Supplied material:
• • • • • • •

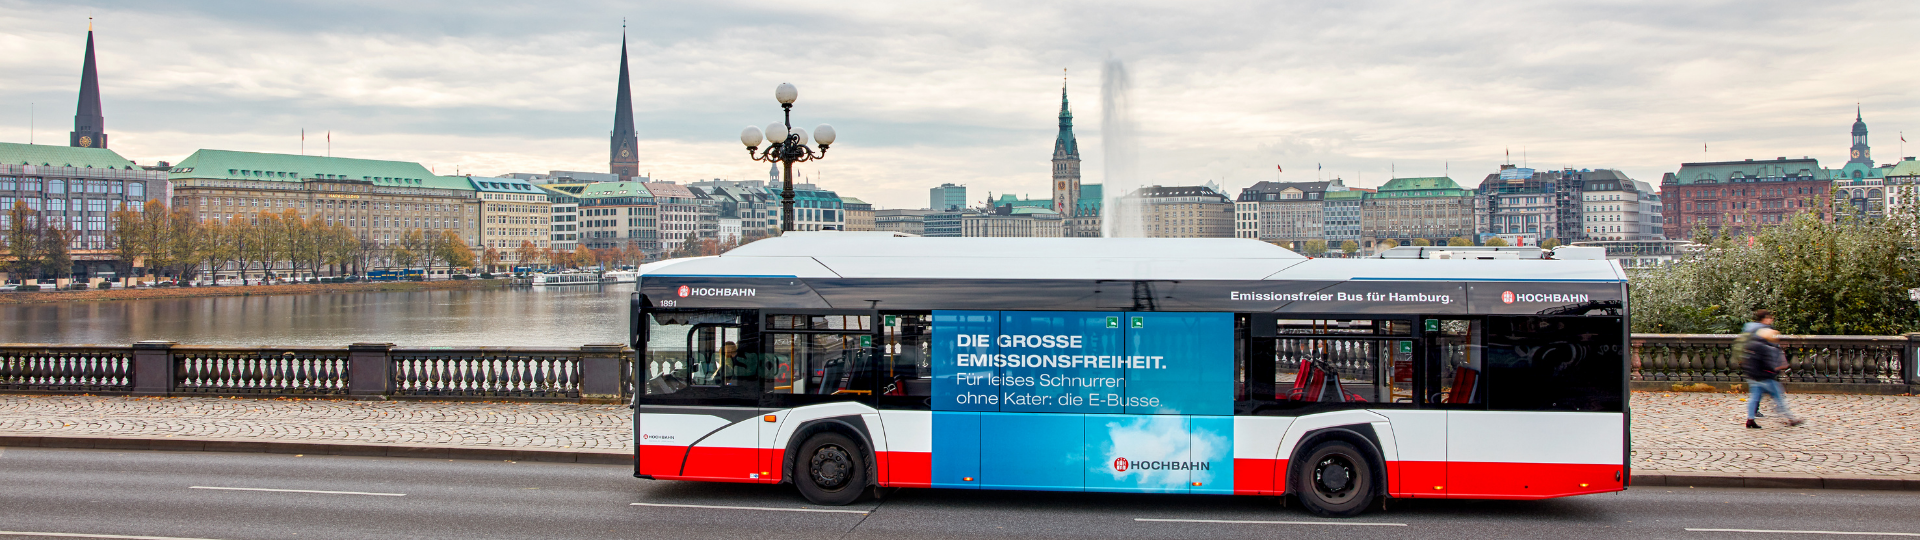 Solaris erhält den ersten Auftrag im Rahmen der Ausschreibung für 530 E-Busse für Hamburg
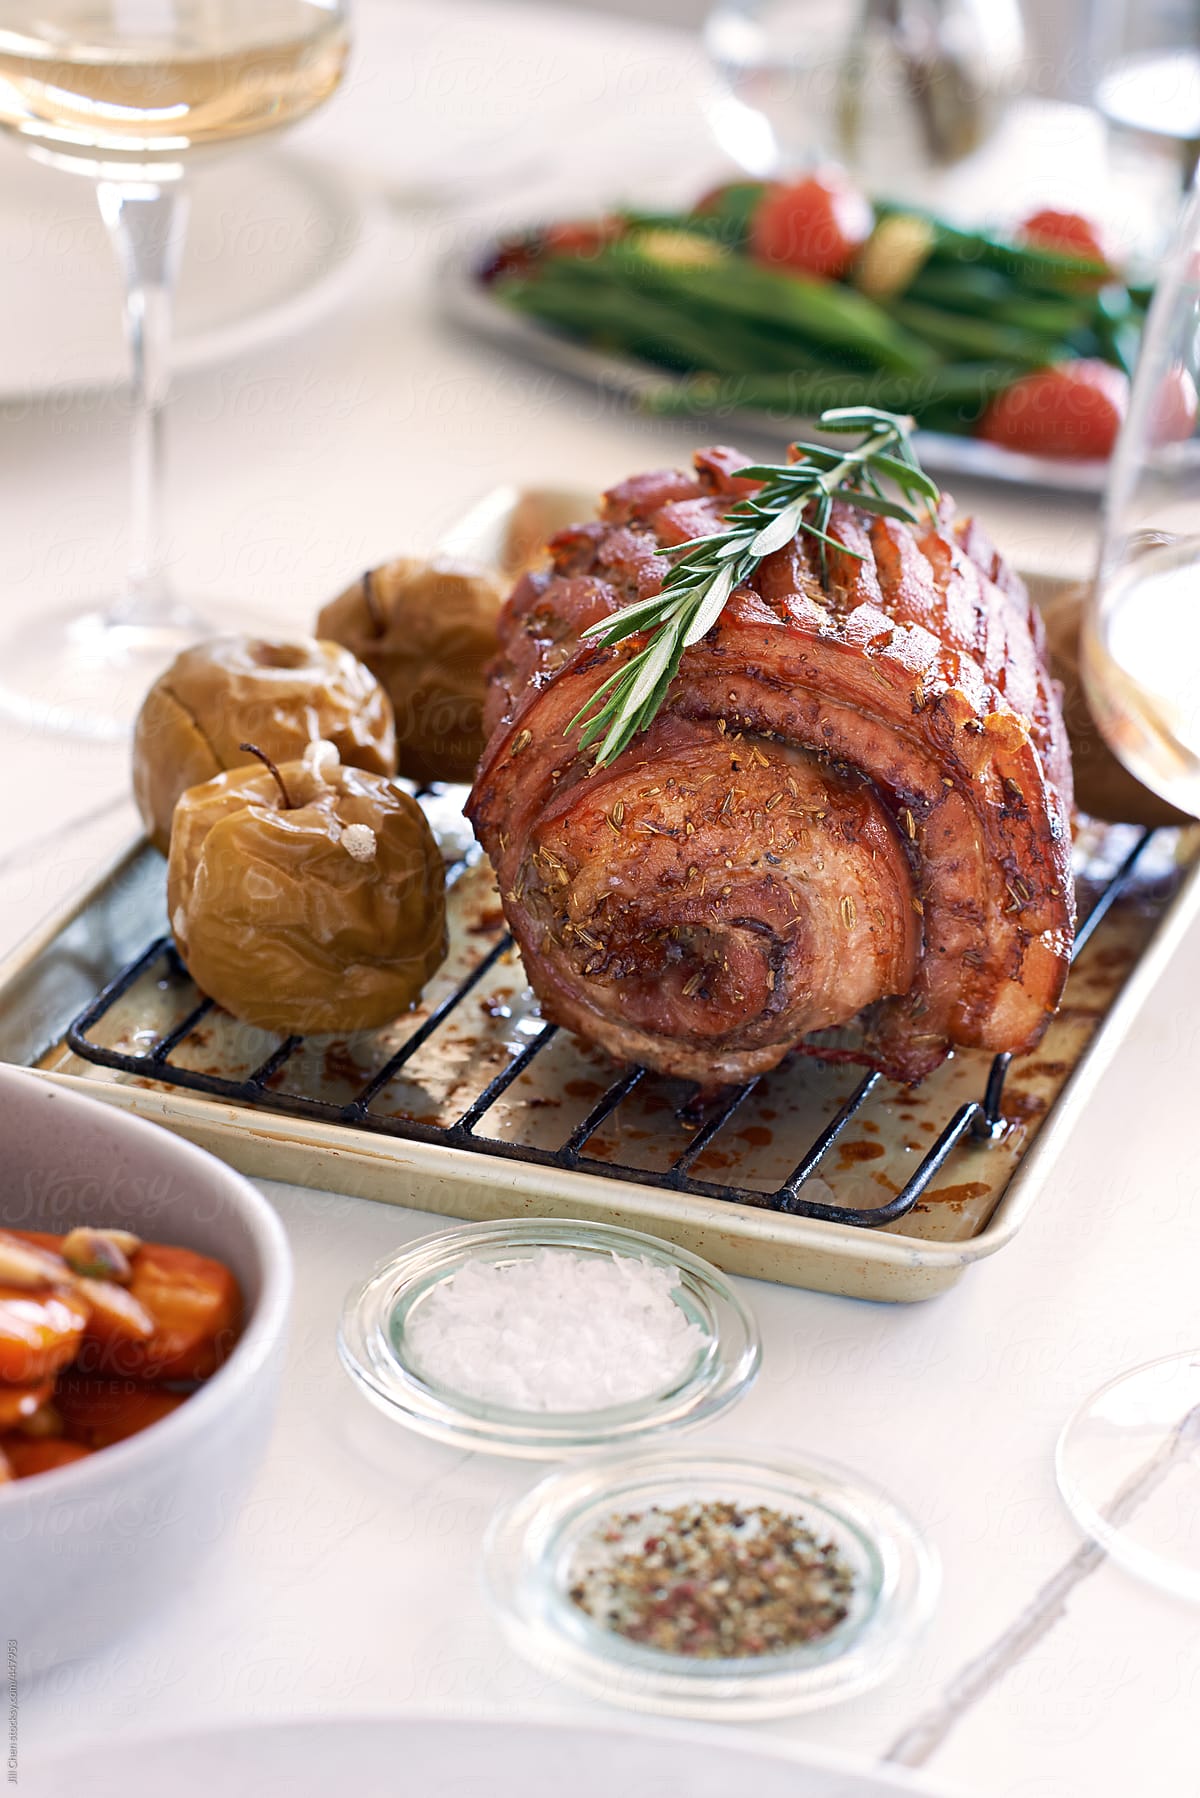 Golden pork roast with scored skin crackling
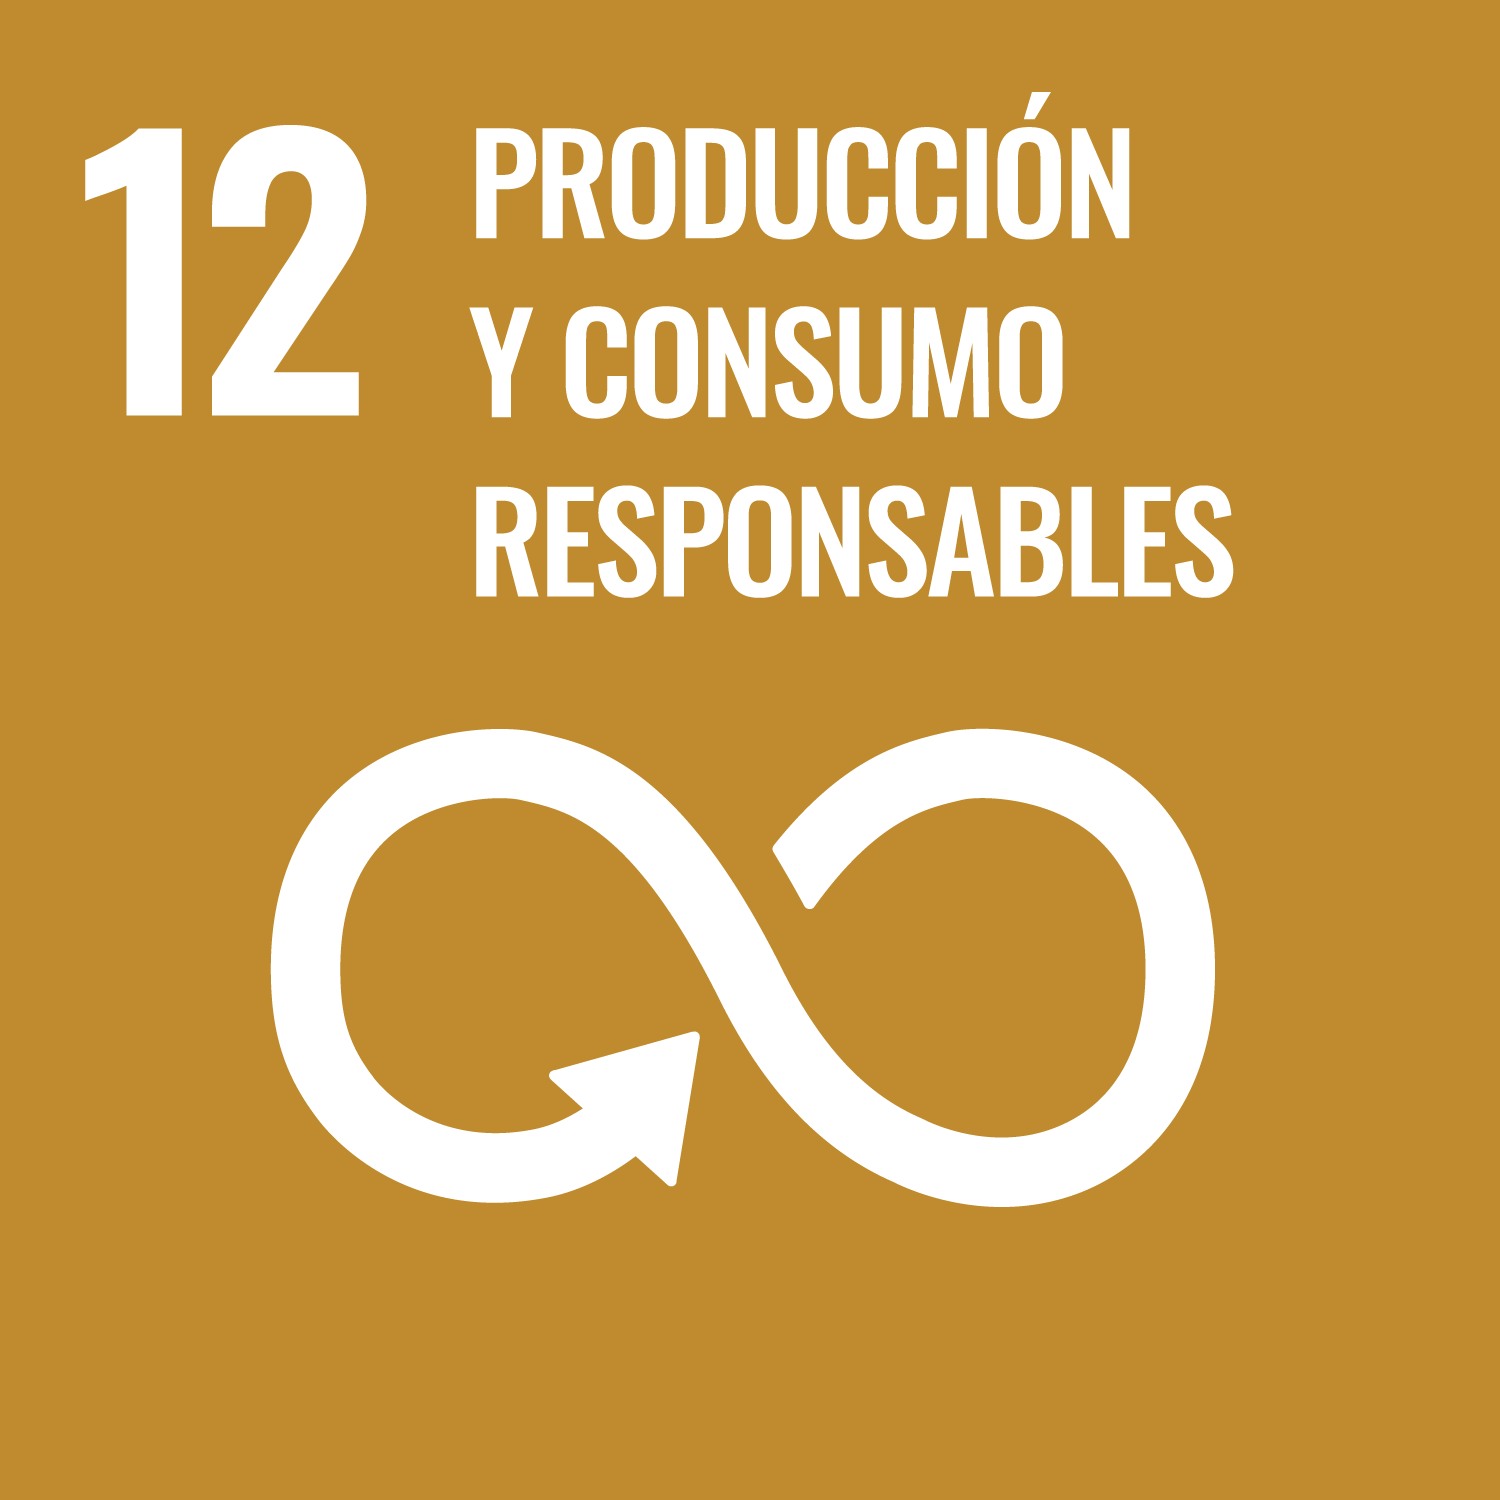 ODs 12. Producción y consumo responsable

• • • • • • •

Your instructions:
Leaving the pictures out, write out all the material above exactly.

Result:
 Solaris erhält den ersten Auftrag im Rahmen der Ausschreibung für 530 E-Busse für Hamburg
 Golden pork roast with scored skin crackling
 ODs 12. Producción y consumo responsable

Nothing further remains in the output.